Va bene, non vedo la gravità. Bastava telefonare al reparto manutenzione del Comune e tutto si aggiustava in tempi rapidi.
Ma tu dove vivi? Tu da dove vieni? Ti sei informato se ad Anguillare esiste ancora un reparto manutenzione?
Ma certo che esiste. Tutti i comuni hanno un reparto manutenzione.
Bravo! Tutti i comuni, solamente Anguillare non l’ha. Un amico mio ha telefonato alla segreteria del Sindaco. Lì, gli hanno dato quattro numeri telefonici e un nominativo a cui rivolgere, che per delicatezza non nomino. Ne ha fatto svariate telefonate ai nn. tel: 06.99600097/96/80/85
Ogni volta dicevano che avrebbero preso nota e promettevano di intervenire. Non chiedermi che nota prendevano.
L’amico mio, in occasione dell’insediamento del nuovo parroco Don Luigi a Regina Pacis, visto che presiedeva anche il sindaco Avv. Pizzorno, nella piazza davanti alla chiesa c’era una squadra d’operai che stavano aggiustando i lampioni. L’amico mio ha chiesto gentilmente, se potevano occuparsi anche dei lampioni danneggiati su Via Anguillarese. Hanno risposto che loro non erano dipendenti del Comune, stavano solamente dando una mano al sindaco. Avevano preso nota e promettevano che, in linea del tutto eccezionale, sarebbero venuti a vedere di che si trattava.
Credo di avere abbastanza elementi da scrivere un articolo. Cerco di aiutarti come posso. Intanto cosa intendi fare? Sto qui. Ogni tanto qualcuno viene ad attaccare qualche pubblicità abusiva addosso. Dalle volte appendono qualche manifesto. Spesso i cani vengono ad annaffiare le mie radici. Che faccio? Non posso fare niente. Guardo con invidia, ogni sera, quando vedo altri lampioni che si accendono. Da parte mia cerco, sforzo di accendermi. La mia illuminazione dura pochi istanti poi si richiude.
Possibile che il vostro comune non abbia una persona all’altezza di aggiustare un intermittente?
Tutto è possibile. Ad Anguillare non è lecito meravigliarsi.
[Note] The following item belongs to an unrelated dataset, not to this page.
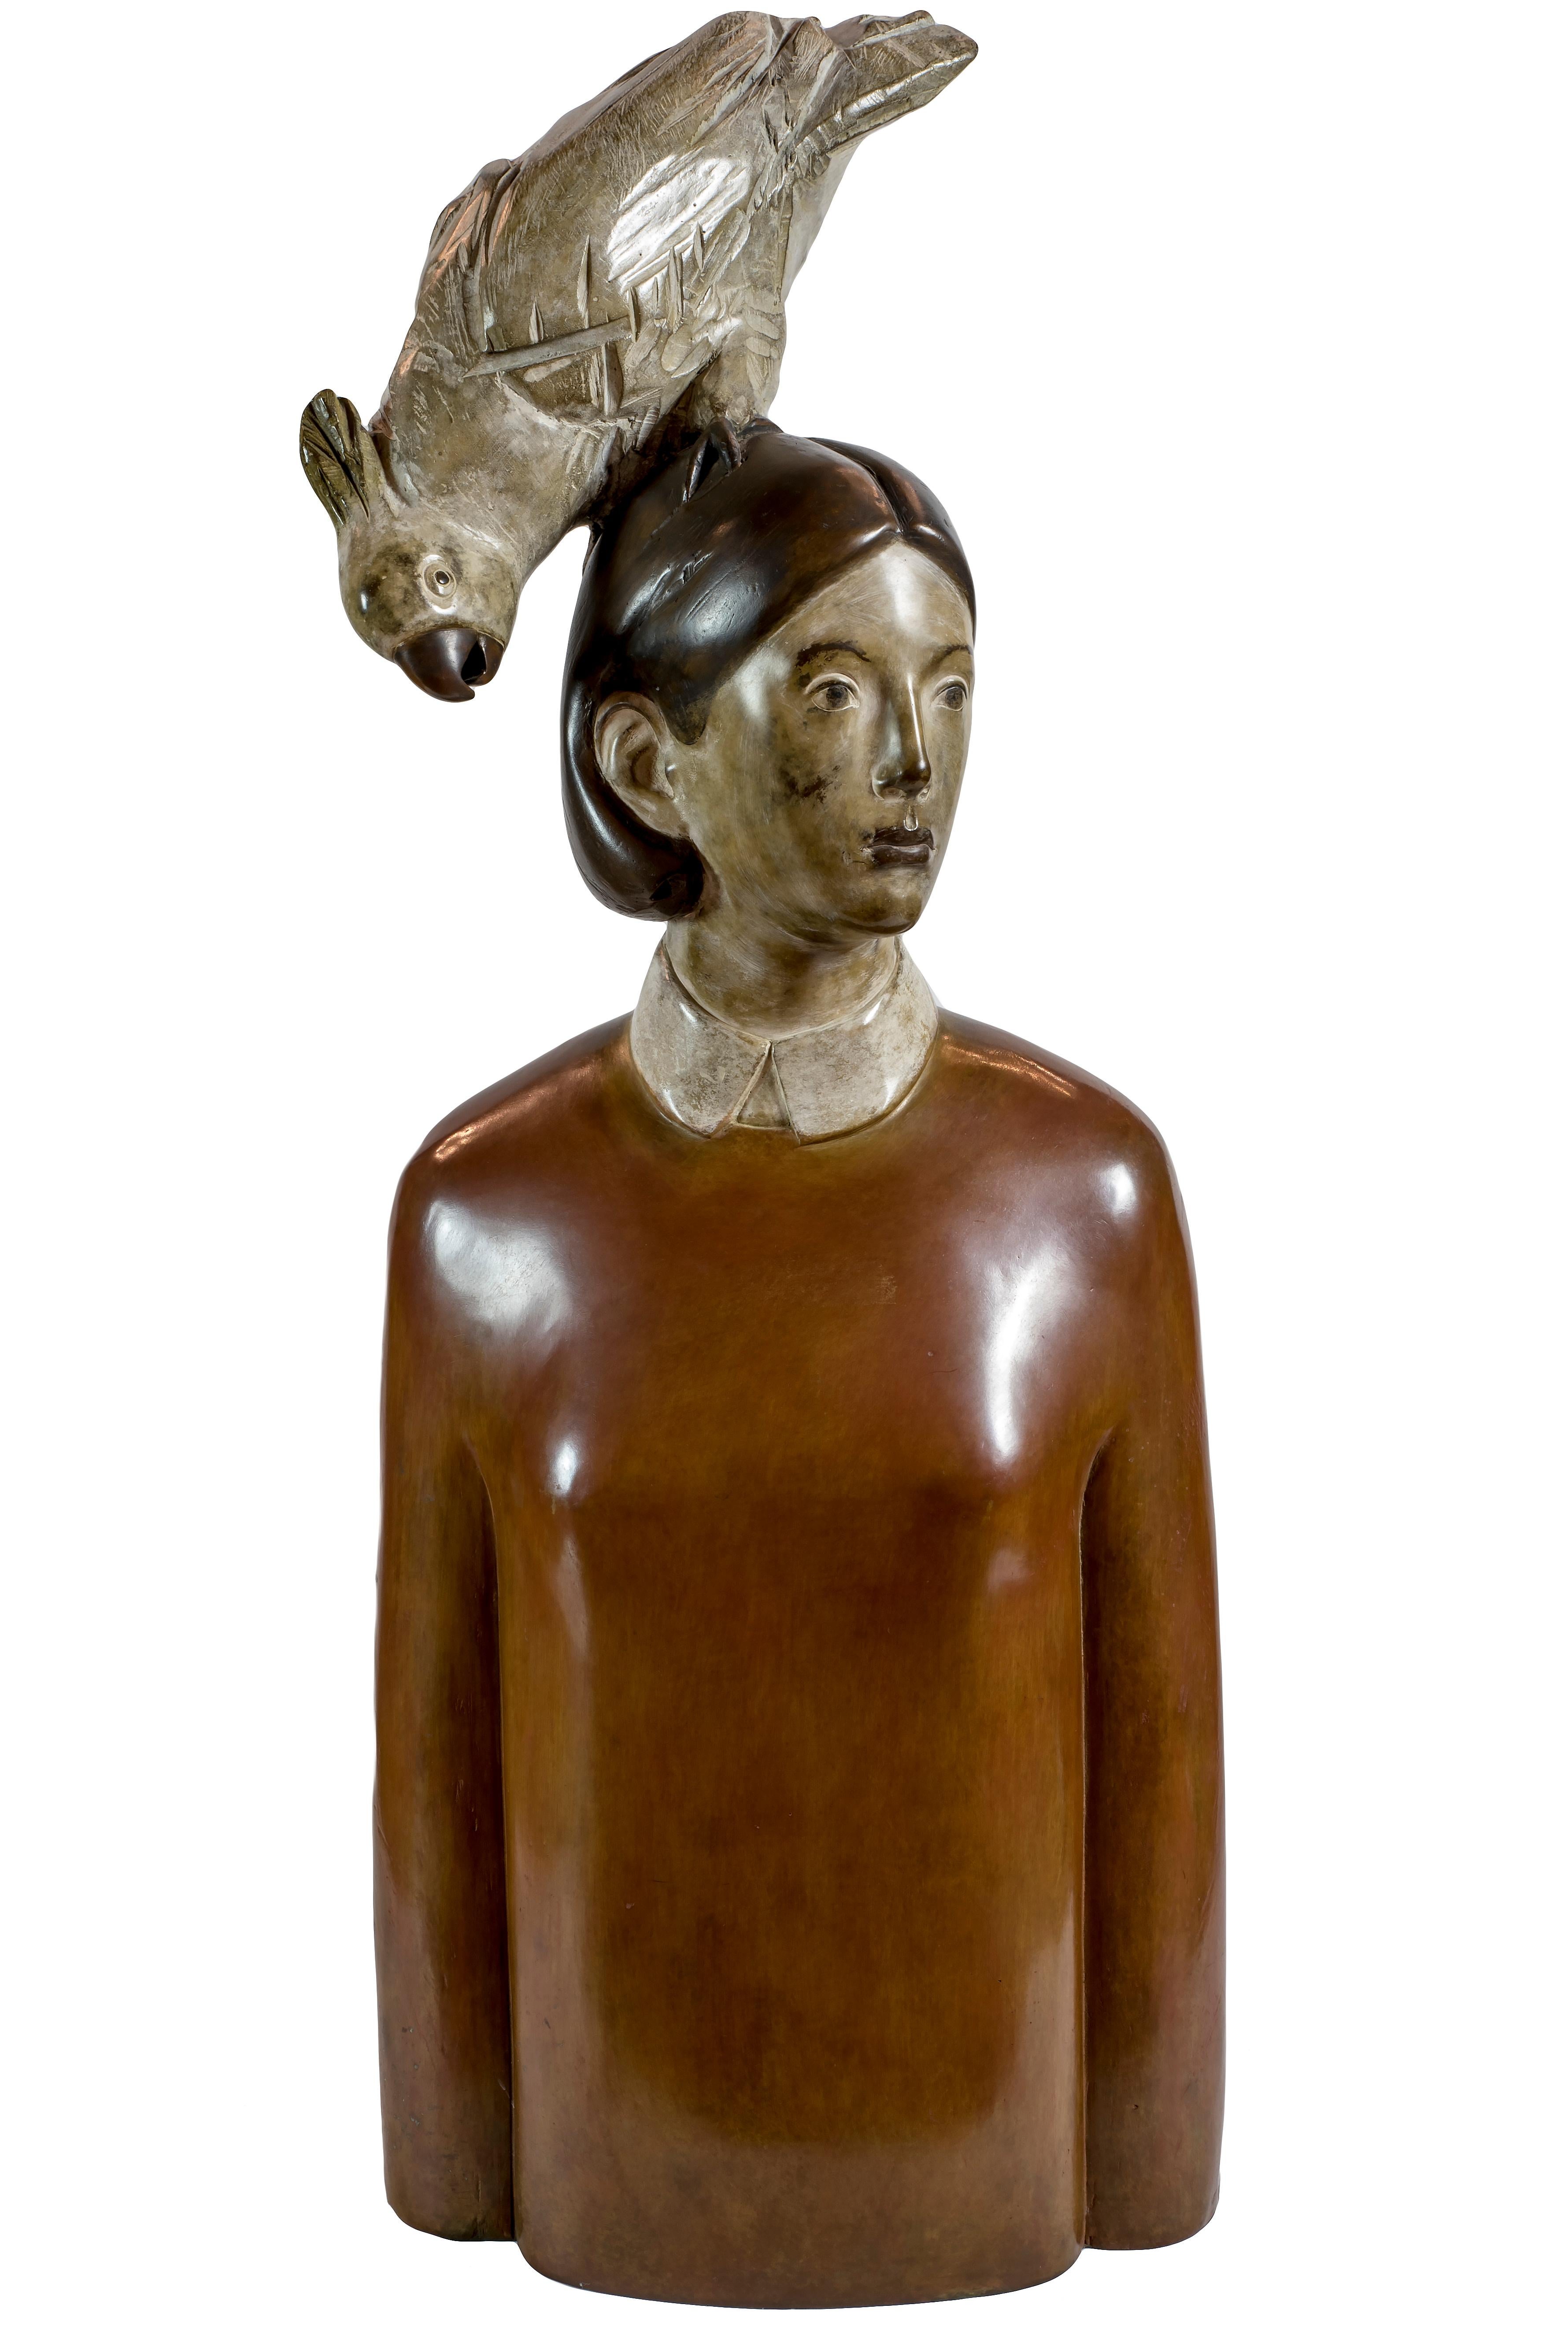 Woman with Parrot is an original contemporary sculpture realized in 2000 by the Italian contemporary artist Aron Demetz.

Original Bronze.

Hand-signed and dated: 2000 Aron Demetz.

Mint conditions. 

Beautiful contemporary sculpture depicting a

Nel mio caso non si tratta di costi aggiuntivi. Qui ci vuole un tecnico che ha la conoscenza, capace di trovare il guasto. La domanda, però, non è se ad Anguillare ci sia o meno un tecnico all’altezza. La domanda è se ad Anguillare esiste ancora una Giunta Comunale attiva, con volontà di occuparsi del territorio.
Altri Comuni hanno da tempo risolto il problema “illuminazione” introducendo sistemi telematici alternativi ed apparecchiatura di sicurezza. Appunto, altri Comuni. Questa è Anguillare dove tutto è speciale. In questo paese nessuno mai reclama niente. Qui tutto va bene, madama Doré.
Ti prometto che faccio tutto quello che posso per portare il tuo caso all’attenzione della stampa nazionale. Intanto che fai?
Intanto in questo stato, ad Anguillare, non sono l’unico. Sparsi per il territorio ci sono tanti altri lampioni come me che fanno la bella presenza ma niente illuminazione. Che fare? Ho scritto una lettera a Babbo Natale. E’ la mia ultima speranza. Dai miei amministratori c’è poco d’aspettare.
Buon Anno.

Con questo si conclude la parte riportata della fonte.